═════ Material for this exercise ═════
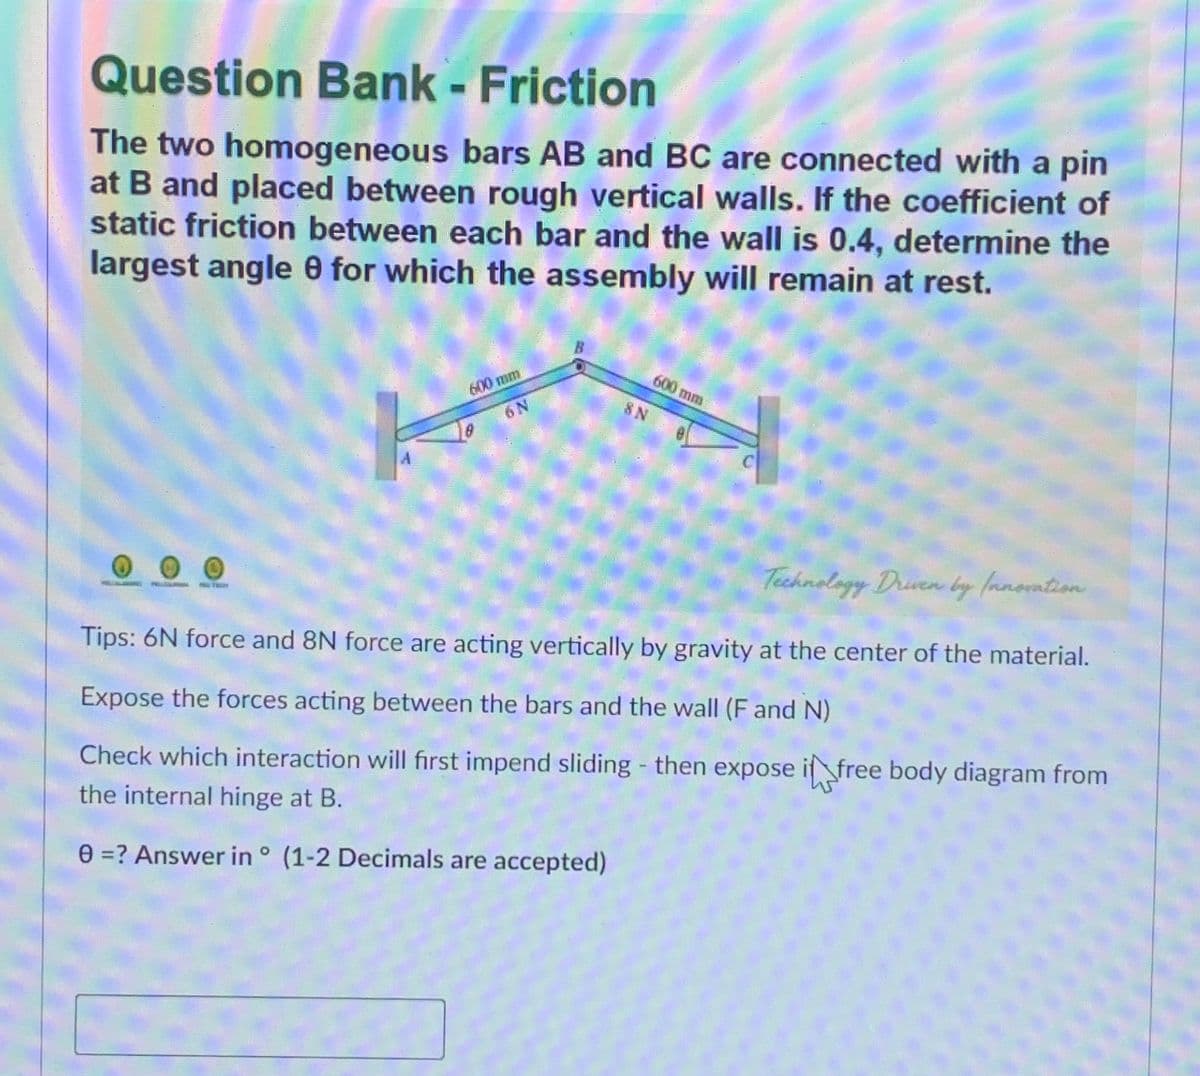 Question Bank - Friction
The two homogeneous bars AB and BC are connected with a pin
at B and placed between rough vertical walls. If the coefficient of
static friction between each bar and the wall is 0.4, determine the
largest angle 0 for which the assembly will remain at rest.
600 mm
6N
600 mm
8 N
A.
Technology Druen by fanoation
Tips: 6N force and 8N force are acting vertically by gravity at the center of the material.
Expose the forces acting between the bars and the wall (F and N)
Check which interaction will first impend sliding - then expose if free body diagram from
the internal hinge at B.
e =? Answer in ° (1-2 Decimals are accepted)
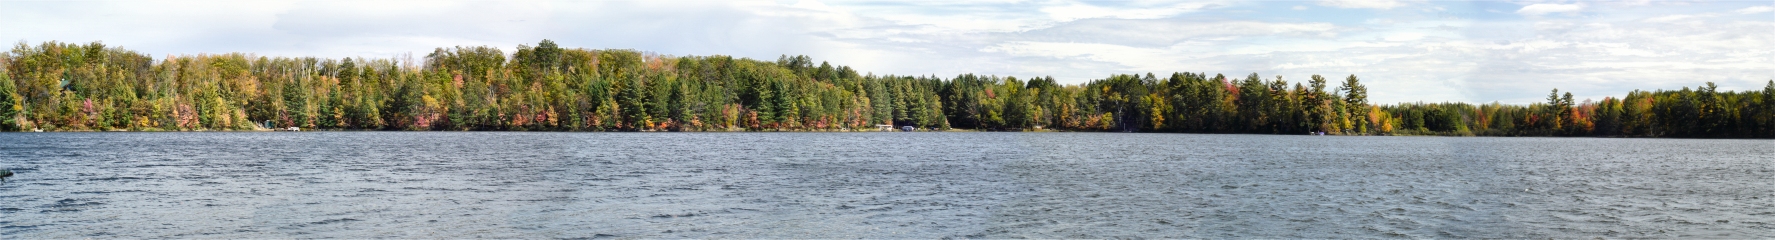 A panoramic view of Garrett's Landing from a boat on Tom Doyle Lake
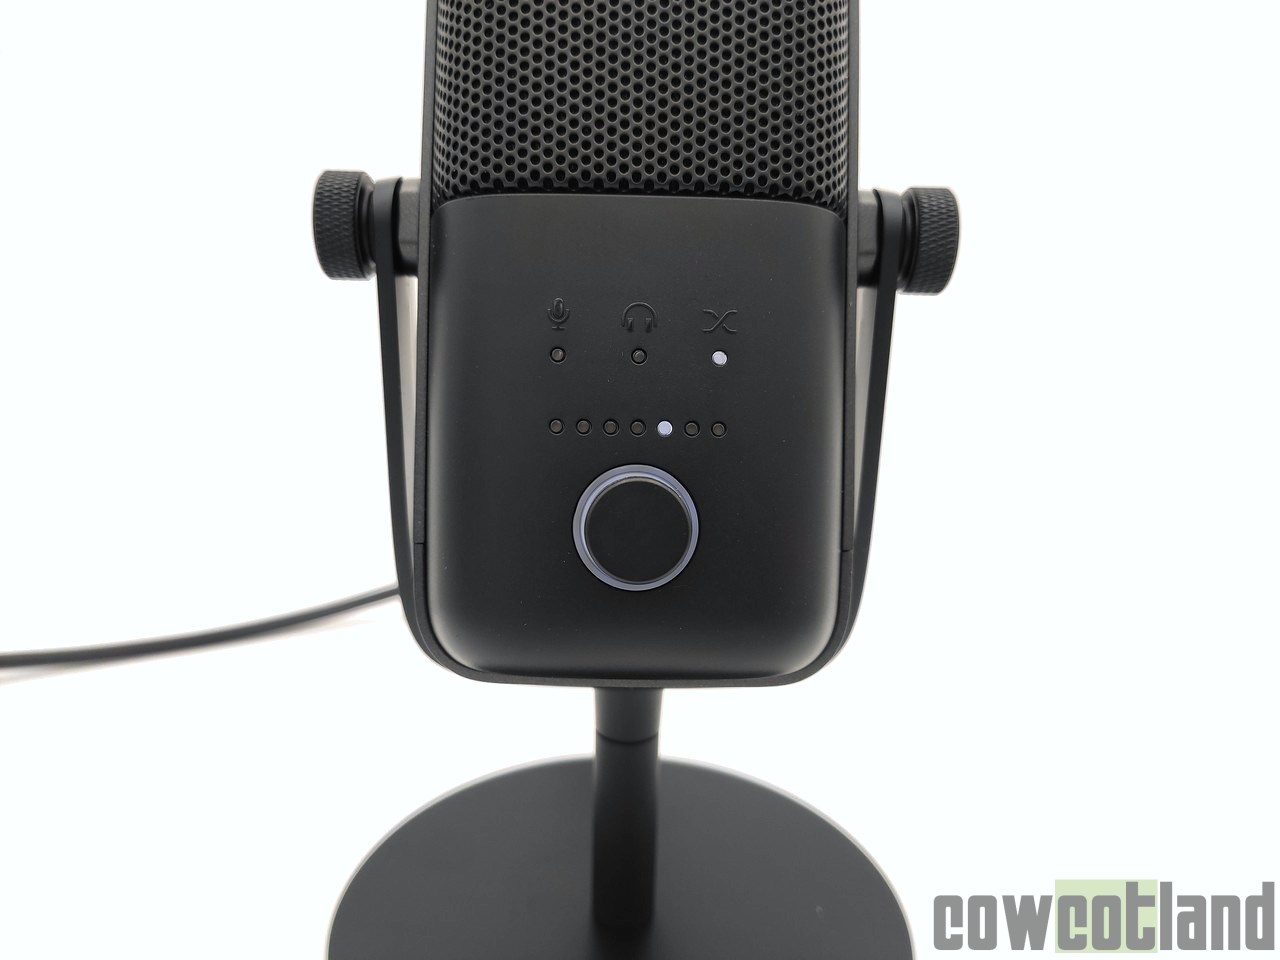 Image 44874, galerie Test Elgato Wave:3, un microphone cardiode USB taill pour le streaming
═════
» **Exercise instructions**: Omitting all images, retype each line of the records precisely.

» **Exercise result**:
 Question Bank - Friction
The two homogeneous bars AB and BC are connected with a pin
at B and placed between rough vertical walls. If the coefficient of
static friction between each bar and the wall is 0.4, determine the
largest angle 0 for which the assembly will remain at rest.
600 mm
6N
600 mm
8 N
A.
Technology Druen by fanoation
Tips: 6N force and 8N force are acting vertically by gravity at the center of the material.
Expose the forces acting between the bars and the wall (F and N)
Check which interaction will first impend sliding - then expose if free body diagram from
the internal hinge at B.
e =? Answer in ° (1-2 Decimals are accepted)
 A panoramic view of Garrett's Landing from a boat on Tom Doyle Lake
 Image 44874, galerie Test Elgato Wave:3, un microphone cardiode USB taill pour le streaming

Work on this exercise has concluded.